# random numbers

This question should apply to many game programs :
When there is a random number, how does one seed that number after it is generated? i used the GameLogic.getRandomFloat() because the actuator is predictable, but now when 2 numbers are generated at once they are the same, I want an ID number, 0-7, to offset the random number.
Any Ideas? Can I just “seed” the getrandomfloat() function somehow?

Bookeater

if you only need (or could adapt to use only) integers you can write your own random number routine

pretty simple really, but I will have to look for some code for you to be more accurate

essentially you just have one big number, you add something random to it, and store the result over the first number.

the result mod the number of values you want to get is your random number

but now that I think about it it doesn’t make enough sense to be implemented, guess I will have to find that code.

Well here’s one way which is slightly better -
x=randomnumber(min,max) [a user function]
x+=ID
if x>max:
x-=max

Hope someone finds that informative, I’m off to read some python docs, maybe there is a available function.

Thanks for the reply xz3ero but you don’t need to go out of your way to track down info for it. (Hope you find the time to work on your own programs/games with all the questions you answer)

what does

[a user function]

mean?
should i include that?

or should i put

``````
Dir = randomnumber(1,4)

>
>
> and does the random number include the min and max or would it
> return 2 & 3

``````

Heh old post.

don’t use “randomnumber()”, you’ll have to work out usingGameLogic.getRandomFloat()
which gives you a number between 0 and 1 I think.

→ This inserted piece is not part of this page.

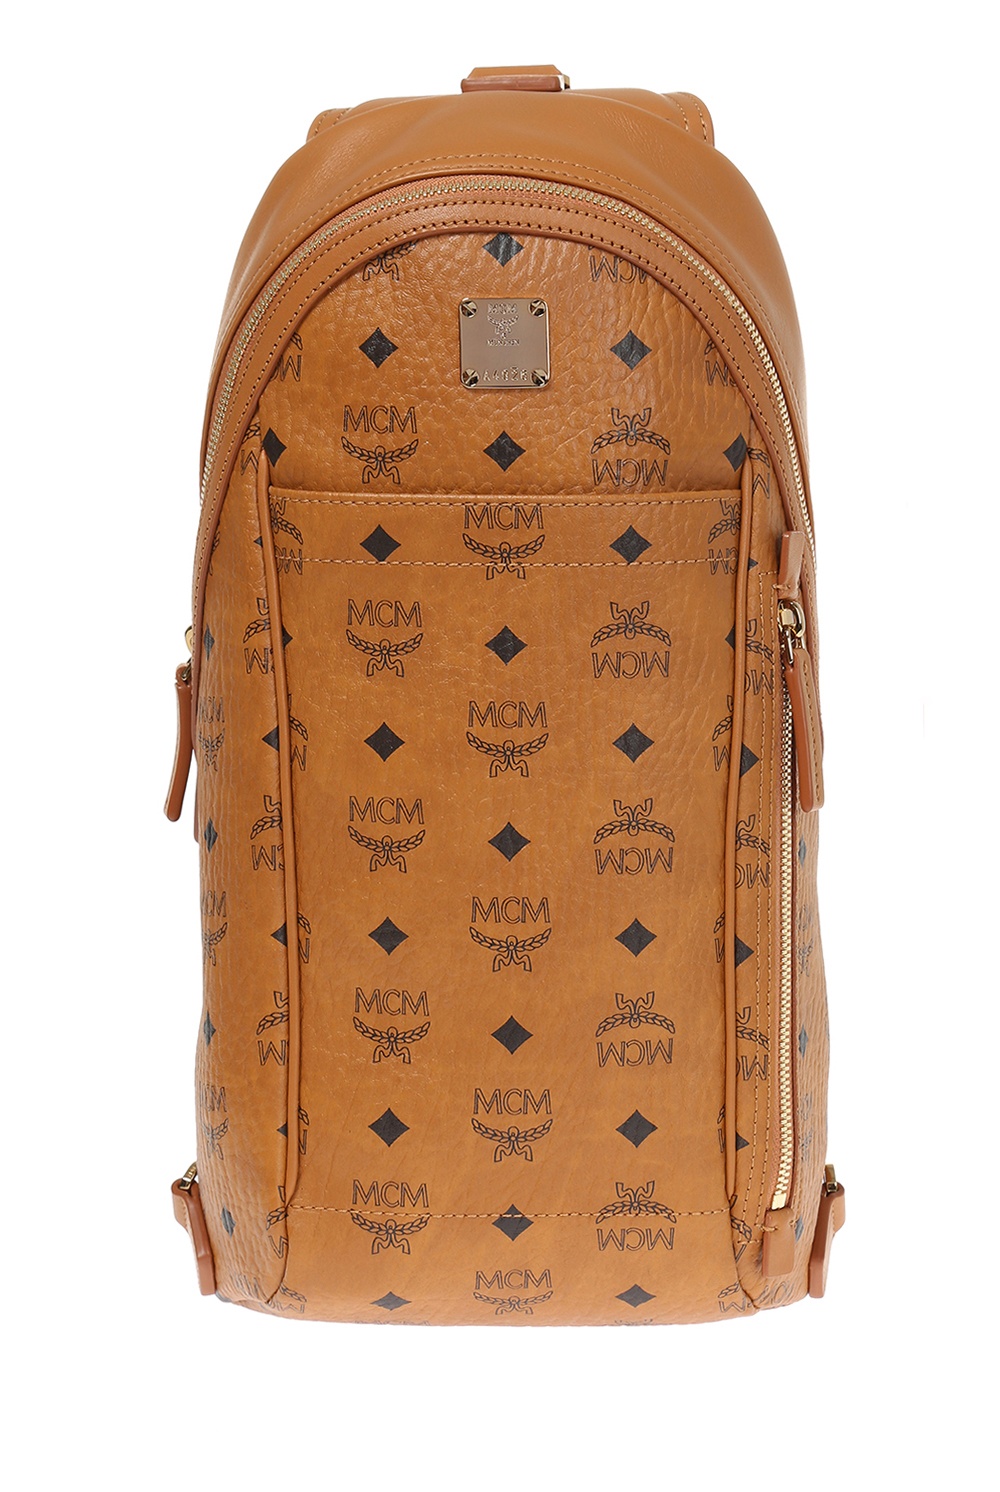 MCM One-shoulder backpack, Men's Bags

how do i get one between and including 1 and 4

Between 1 and 4?

``````1.0 + (random_number * 3.0)
``````

Truncate to an integer if necessary.

I haven’t fooled with randoms in GameBlender but I suppose that I just assume that GameBlender would take care of seeding the random-number generator at the start of each game, so that you do not need to re-seed it yourself unless for some reason you need a repeatable sequence of values. (And then, storing the values in an array is usually simpler.)